Let's start with part a.
a. The event A represents the scenario where the team wins at least twice and does not lose. There are a few possible outcomes for this event:
1. Win-Win-Win (WWW)
2. Win-Win-Tie (WWT)
3. Win-Tie-Win (WTW)
4. Tie-Win-Win (TWW)
Notice that we do not count the scenario where the team loses any game.
Next, let's calculate the probabilities for each outcome:
1. P(WWW) = P(W) * P(W) * P(W) = 0.60 * 0.60 * 0.60 = 0.216
2. P(WWT) = P(W) * P(W) * P(T) = 0.60 * 0.60 * 0.10 = 0.036
3. P(WTW) = P(W) * P(T) * P(W) = 0.60 * 0.10 * 0.60 = 0.036
4. P(TWW) = P(T) * P(W) * P(W) = 0.10 * 0.60 * 0.60 = 0.036
The elements of event A are WWW, WWT, WTW, and TWW.

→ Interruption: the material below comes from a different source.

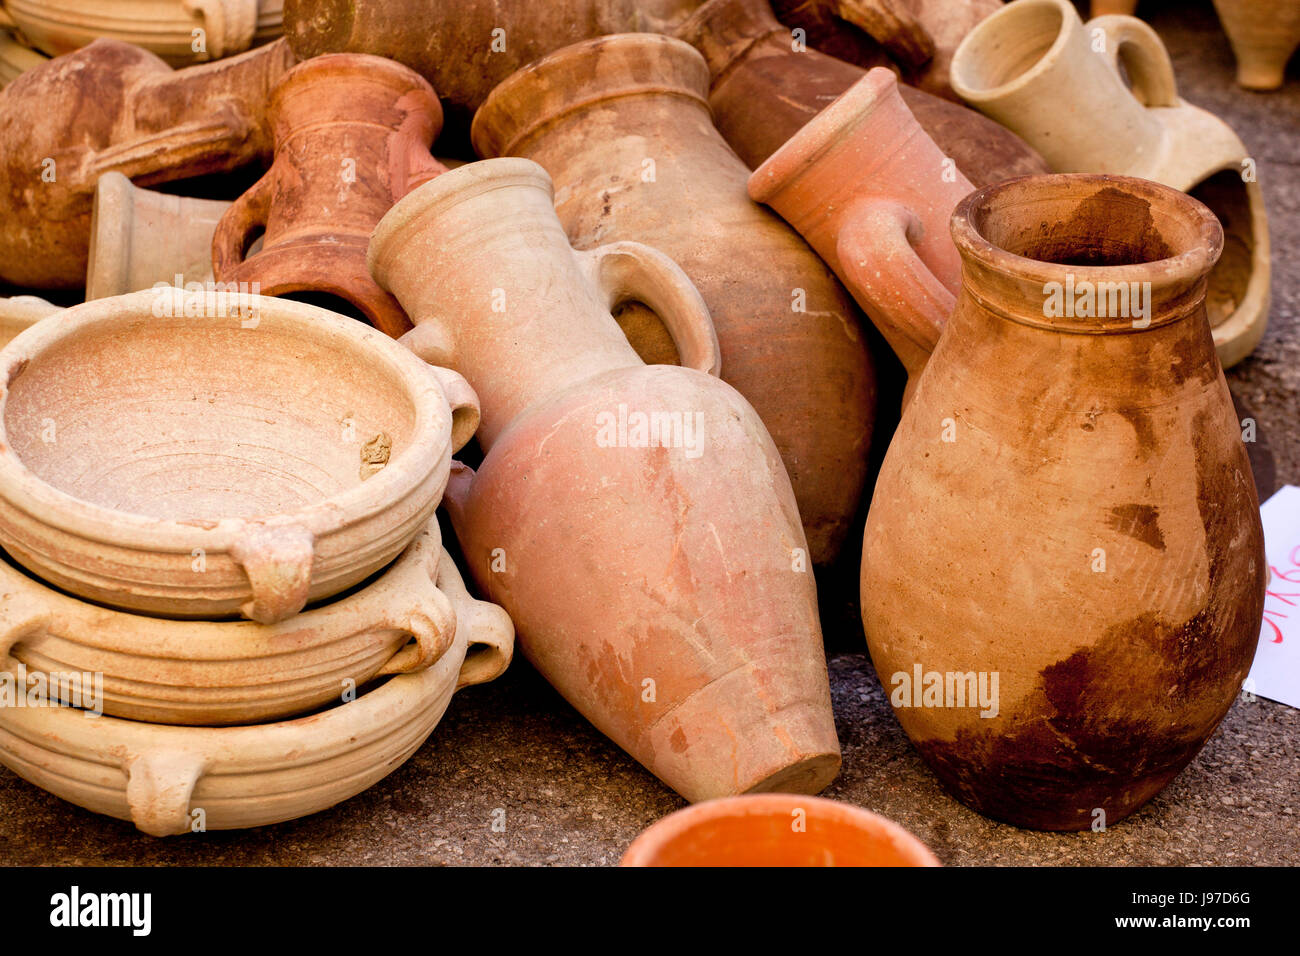 Vasen keramik -Fotos und -Bildmaterial in hoher Auflösung – Alamy

b. To find the probability of event A, we need to sum up the probabilities of all the individual outcomes:
P(A) = P(WWW) + P(WWT) + P(WTW) + P(TWW) = 0.216 + 0.036 + 0.036 + 0.036 = 0.324
c. The event B represents the scenario where the team wins, loses, and ties. There is only one outcome for this event: Win-Loss-Tie (WLT).
Let's calculate the probability for this outcome:
P(WLT) = P(W) * P(L) * P(T) = 0.60 * 0.30 * 0.10 = 0.018
The elements of event B are WLT.
d. The probability of event B is simply the probability of the outcome WLT:
P(B) = P(WLT) = 0.018
Therefore, the elements of event B are WLT and the probability of event B is 0.018.